The proposed deep learning approach has a greater impact than traditional machine learning algorithms. The DeepLSTM classification improved dramatically in classification accuracy, as per the results. Besides the rise in classification accuracy, the DeepLSTM classifier can also retain specificity greater than 92.86% on the ASCERTAIN dataset and 93.84% on the proposed EEG dataset, resulting in very low false prediction % rates. The sensitivity value of the DeepLSTM model for the ASCERTAIN dataset is 94.72%, and the proposed EEG dataset is 95.86% and is high in the other state-of-the-art methods, which shows that the DeepLSTM model correctly classifies the minority class samples. The precision value of the DeepLSTM model for the ASCERTAIN dataset is 93.48%, and the proposed EEG dataset is 94.44% and is high in the other state-of-the-art methods. The F1 score value of the DeepLSTM model for the ASCERTAIN dataset is 93.68%, and the proposed EEG dataset is 94.96% and is high in the other state-of-the-art methods. Table 5 shows the relation of sensitivity, precision, specificity, and F1 score values of DeepLSTM for 50–50, 60–40, 70–30, and 10-fold data partitioning scheme.

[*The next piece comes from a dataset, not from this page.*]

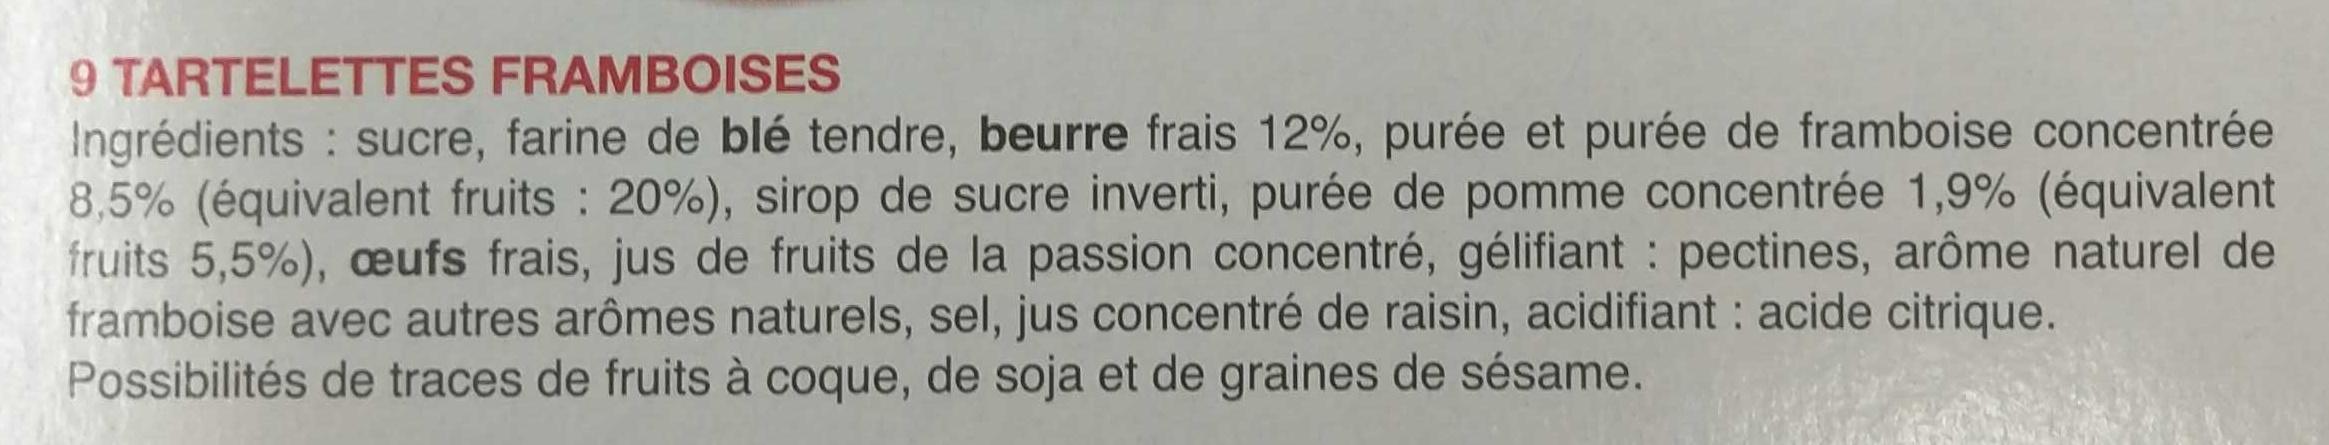 Tartelettes framboise - Ingredienti - fr

Table 6 shows the statistical result disparity is illustrated by the two-tailed Mann–Whitney test [32]. The Mann–Whitney test is used to compute the value relation in classification accuracy. The outcomes do not change significantly if the value is greater than 0.05, and it is highly significant if the value is less than 0.001. It is evident from the interventions in Table 6 that the solution provided by our proposed DeepLSTM model is statistically different from ANN, KNN, LibSVM, and HGP for the 50–50, 60–40, 70–30, and 10-fold data partitioning scheme. When the values are contrasted with DeepLSTM for these classifiers, there is a significant variation in outcomes. The evaluation results suggest that the proposed DeepLSTM-based deep learning model for classifying personality traits provides accurate classification results.

7. Conclusion

During this study, we propose EEG signals-based personality prediction system using DeepLSTM-based deep learning model.

A new EEG dataset was also created using 40 film clips of Hindi and English languages. The proposed DeepLSTM model was also applied to the publicly available EEG dataset known as ASCERTAIN. Multiple experiments have been carried out to validate our results, which are helpful to compare our DeepLSTM model with existing methods. Fifty participants were involved and saw a few movie clips targeting eight different personality traits. This method uses NeuroSky MindWave mobile 2 to capture brain signals. Better results of sensitivity, precision, and specificity indicate that our approach beats the current literature. The classification accuracy of the proposed DeepLSTM model on our proposed EEG dataset is 96.94% for the 10-fold partition scheme and outperforms the results of the DeepLSTM model on the ASCERTAIN dataset having classification accuracy of 95.32%.

We are currently using a single-channel device, and in the future, we will extend it to multichannel devices.

Data Availability

The data are available on request from the corresponding author.

Conflicts of Interest

The authors declare that they have no conflicts of interest.